When Cooper finds Lorenz, he discovers that the Gestapo had ways of cracking even heroes, that those once tortured seldom successfully faced a second dose. Said one Gestapo victim, "indicating the gaudy Christ-on-the-Cross on the wall behind him, 'I'll wager that even He would not have undertaken it a second time. Not for anybody.' "
The Litmus of History. Cooper comes to a conclusion that many Americans will find distasteful, and more will dispute: "This too had to be granted, that we were the creatures of the history into which we were born. Had the seventy million Germans been born in America, they would have lived out their lives drinking soda pop.
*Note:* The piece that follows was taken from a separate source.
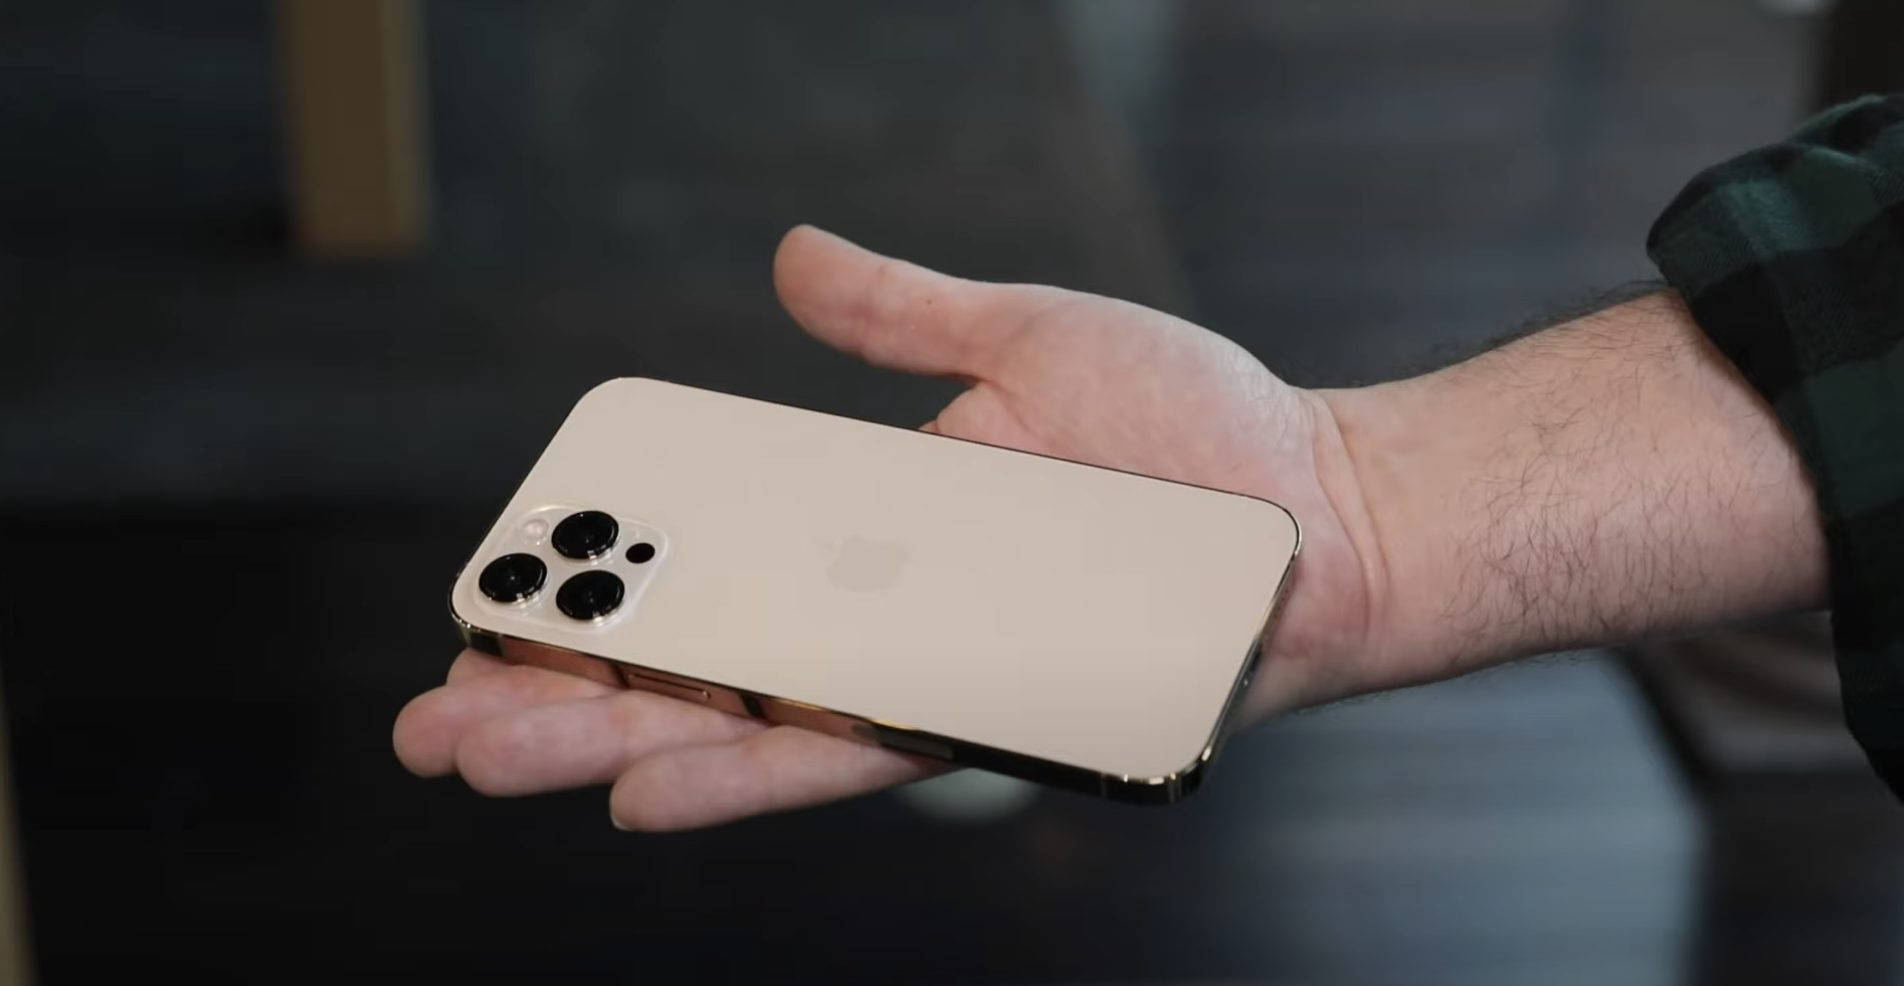 iphone12-pro-max-cnet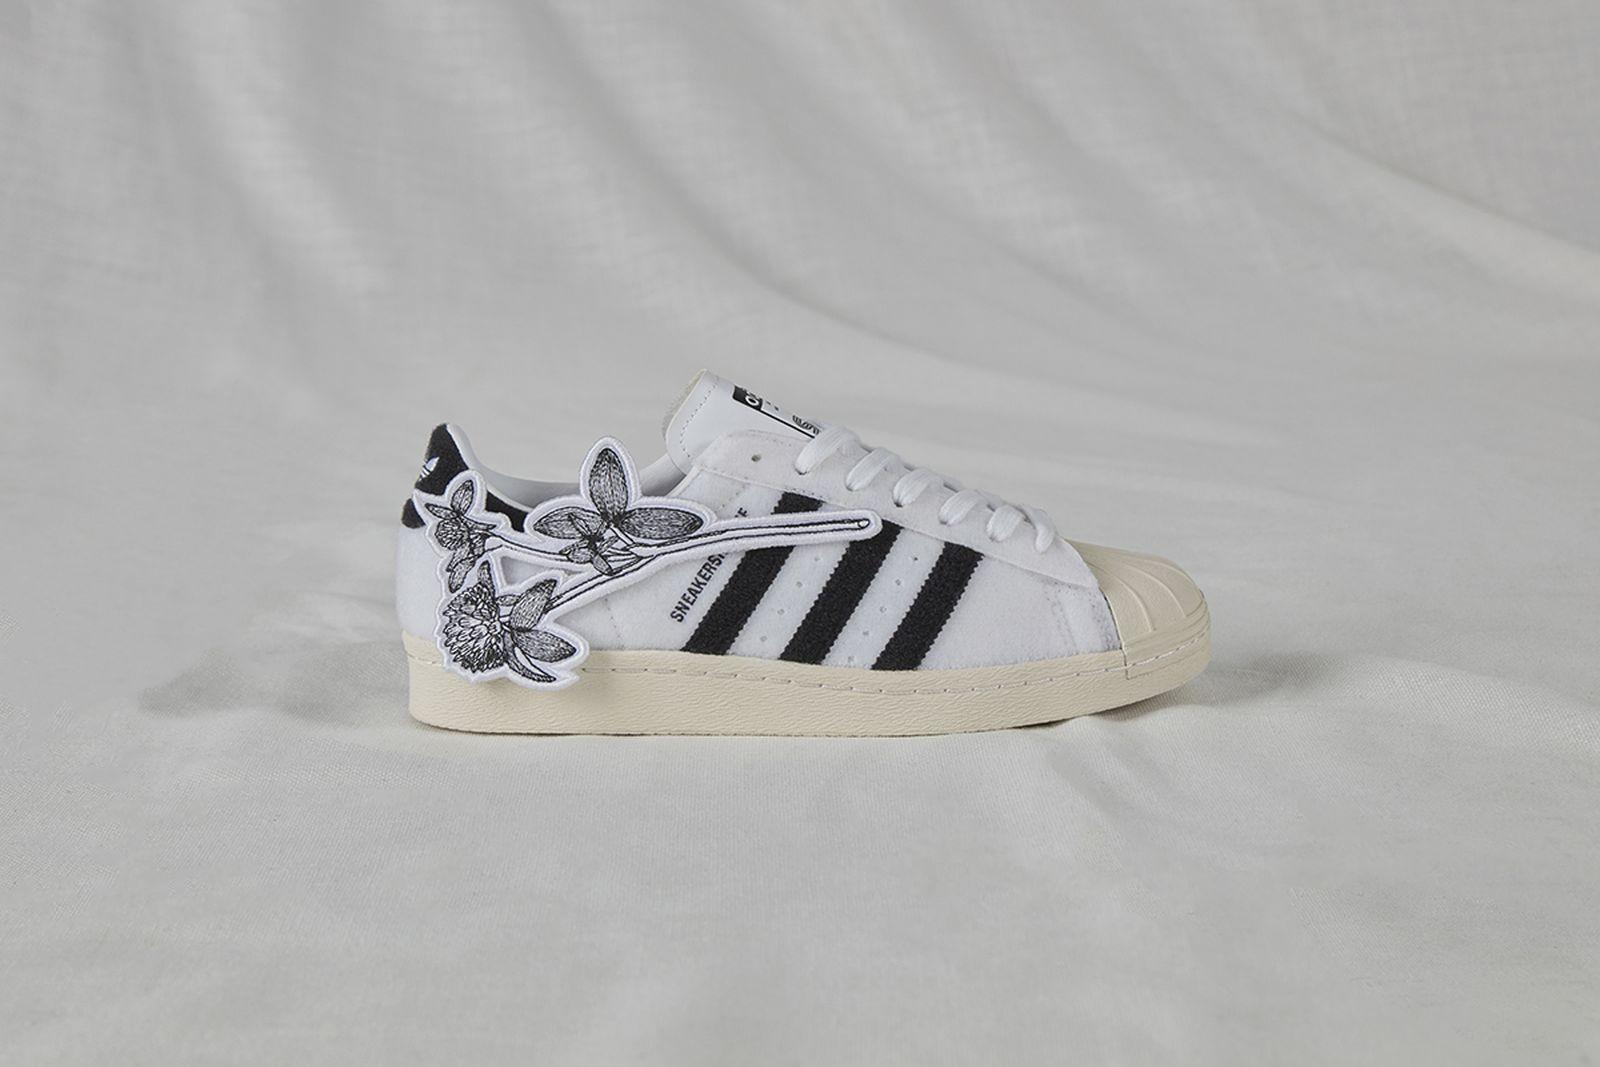 sns-kazuki-kuraishi-adidas-superstar-release-date-price-07

And had our nation of Americans been Germans, Andrew Cooper among them, we would have divided just as inevitably into Gestapomen and victims, a few of us heroes. It was history which exposed or concealed our capacities for brutality, heroism or cowardice. . . . History was the litmus paper. . . ."
Author Davidson, 39, is a journalist who had just such a job as his hero's with Military Government in Bavaria. The Steeper Cliff is his first novel (his wife, Hilde Abel, has written two), but he was well-known as a scripter of radio programs (Second Husband; Mr. Keen, Tracer of Lost Persons). Like Lieut. Cooper, Davidson fought the war from behind a desk in the U.S., got to Germany after V-E day.